「ごめん。止められない。……俺、怒られてもいいや」
「……――――っ」
落ちてくる城田のキスに……あたしは目を瞑ってそれを受け入れた。
優しく、気持ちの伝わってくるようなキスに、魔法でも掛けられたように動けなかった――――……
「……怒る? ってか、怒った?」
「……」
キスをしてあたしを抱き締めた後。
城田はそう聞きながら、あたしの顔色を窺うようにあたしを覗き込んできた。
「……怒ってないよ。

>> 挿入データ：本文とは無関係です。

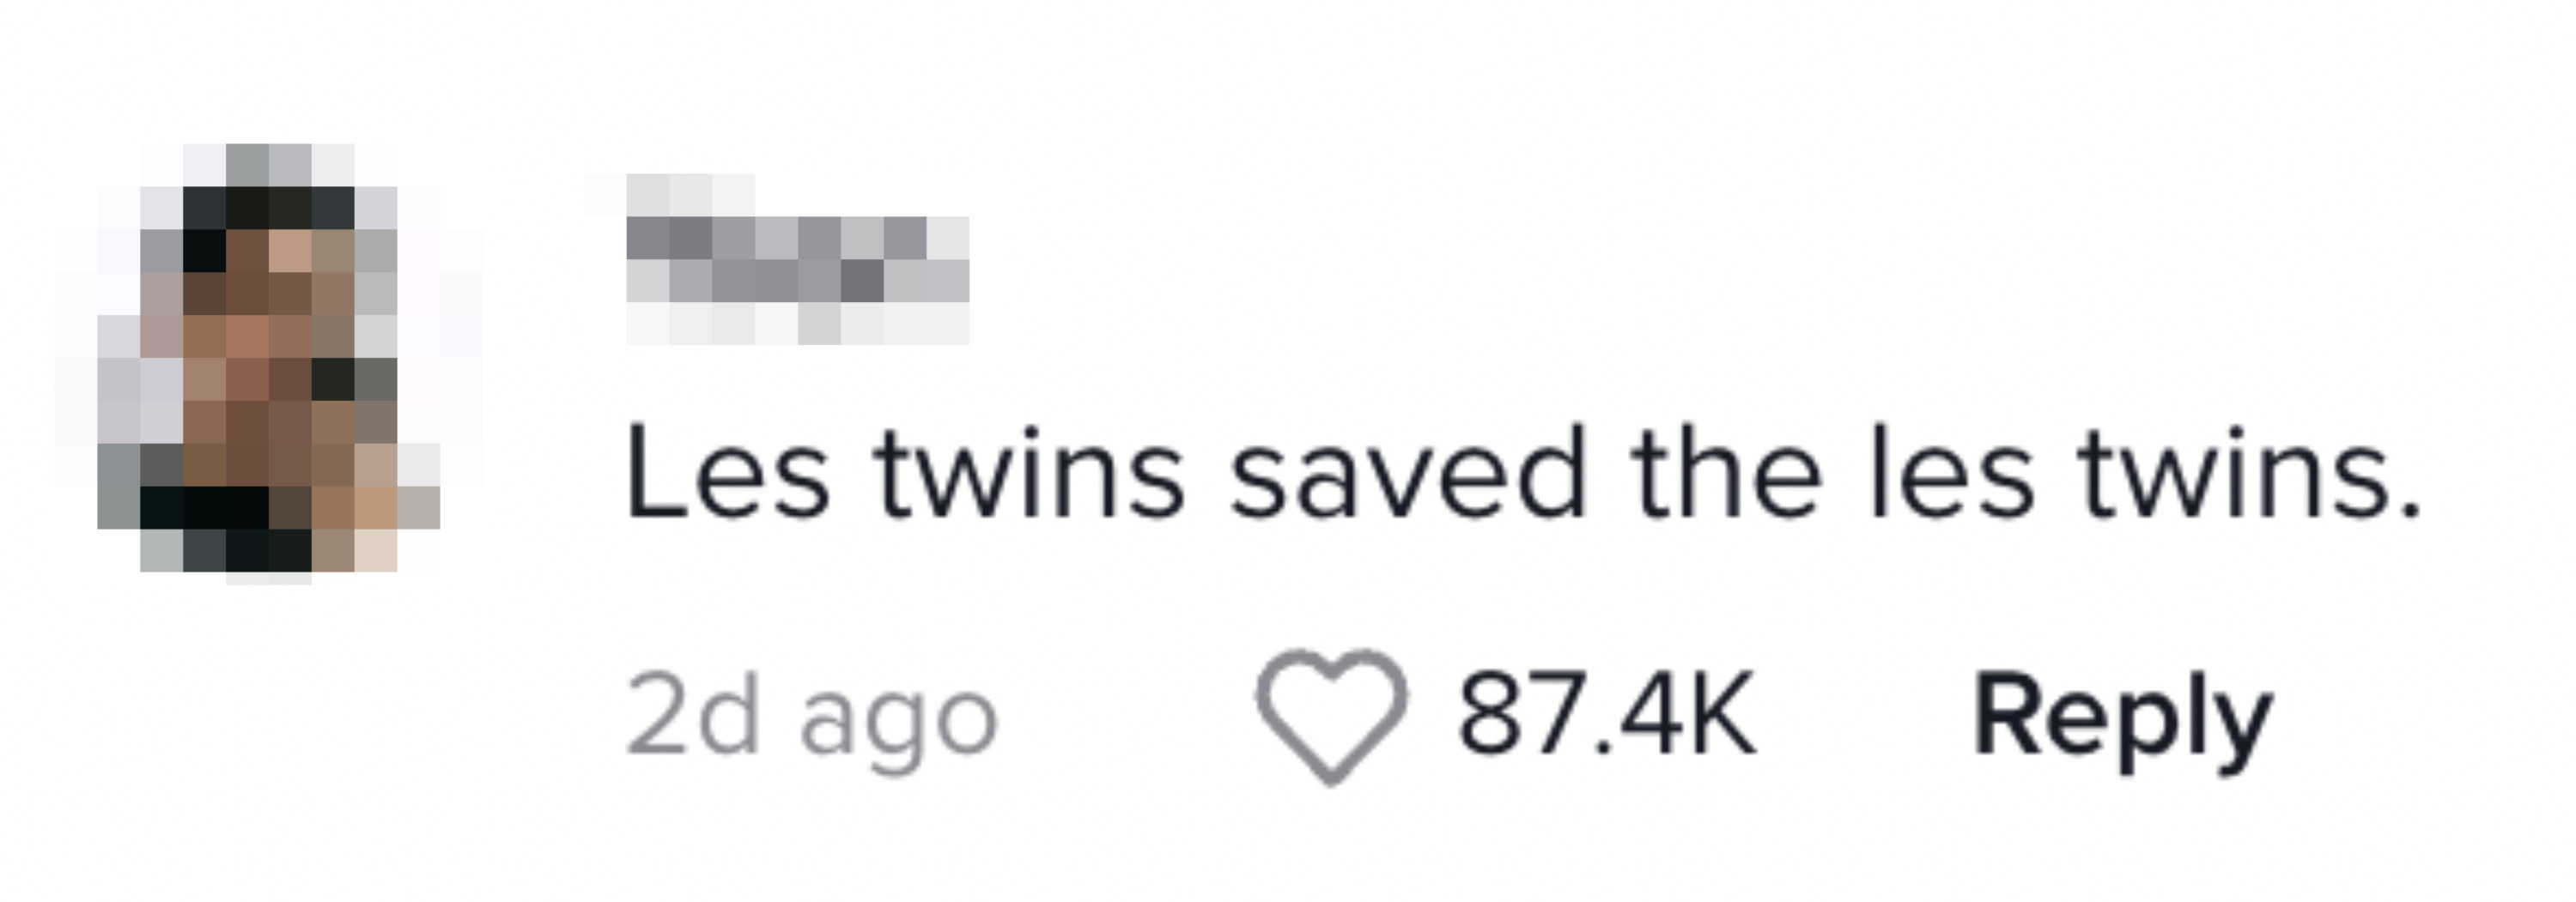 Les twins saved the les twins.

っていうか、……両思いだって言ったじゃん。……怒らないよ」
顔を赤くしながらやっとの思いで言ったあたしに、城田は目を丸くした。
「莉奈が素直だ……なんかあった? もしくはなんかあるのか? これから……」
「……~~っ」
「ま、いっか。俺、今超幸せだから別にこれから何かあっても絶対頑張れる気がするし!
莉奈にいつもみたいにバカだの変態だの言われても全然へっちゃらだし」
あたしをもう一度ギューっと抱き締めながらそう言う城田。
城田の腕の中にいると、心地いい緊張と嬉しいドキドキが混ざって……
城田の体温とか、城田の胸の音とか、城田の声だとかが、あたしを少しだけ素直にさせた。